The systems, according to the report, can see things that aren’t there.
“That could be a big problem for products dependent on machine learning, particularly for vision, such as self-driving cars. Leading researchers are trying to develop defenses against such attacks – but that’s proving to be a challenge,” the report said.
Wired explained that a machine-learning conference had announced 11 papers would be presented in April on ways to detect software that reads something that isn’t there.
“MIT grad student Anish Athalye threw up a webpage claiming to have ‘broken’ seven of the new papers, including from boldface institutions such as Google, Amazon, and Stanford,” the report said.
“A creative attacker can still get around all these defenses,” Athalye, who worked on the project with Nicholas Carlini and David Wagner, a grad student and professor, respectively, at Berkeley, told Wired.
“All these systems are vulnerable,” Battista Biggio, an assistant professor at the University of Cagliari, Italy, told Wired.
The publication presented an image of two men on skis.
But Google’s Cloud Vision said it was 91 percent that was a dog.
Other results included “fun,” “snow” and “ice.”
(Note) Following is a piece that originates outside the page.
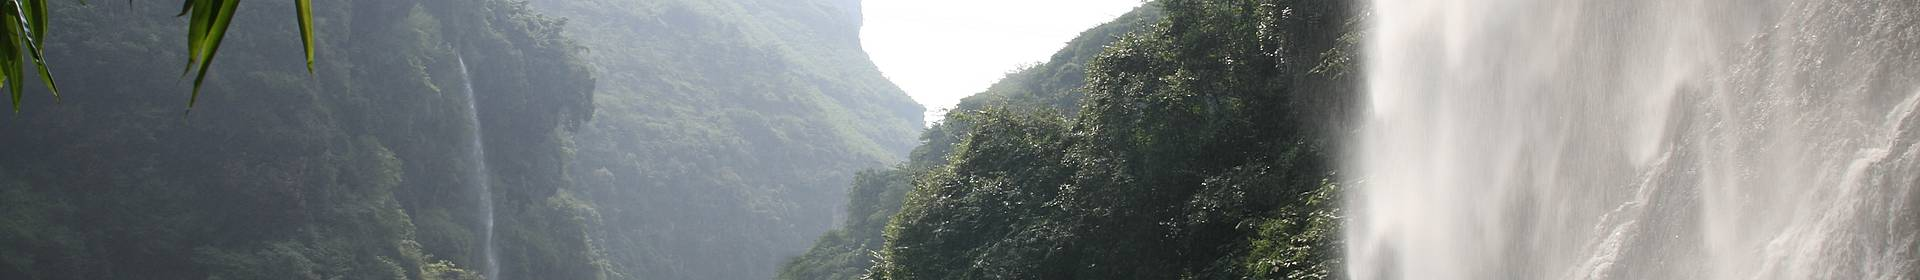 Rio Maling

“So far, such attacks have been demonstrated only in lab experiments, not observed on streets or in homes. But they still need to be taken seriously now, says Bo Li, a postdoctoral researcher at Berkeley. The vision systems of autonomous vehicles, voice assistants able to spend money, and machine learning systems filtering unsavory content online all need to be trustworthy,” Wired reported.
“This is potentially very dangerous,” Lis said.
Yang Song, author of a Stanford study, didn’t comment on the concerns, Wired said.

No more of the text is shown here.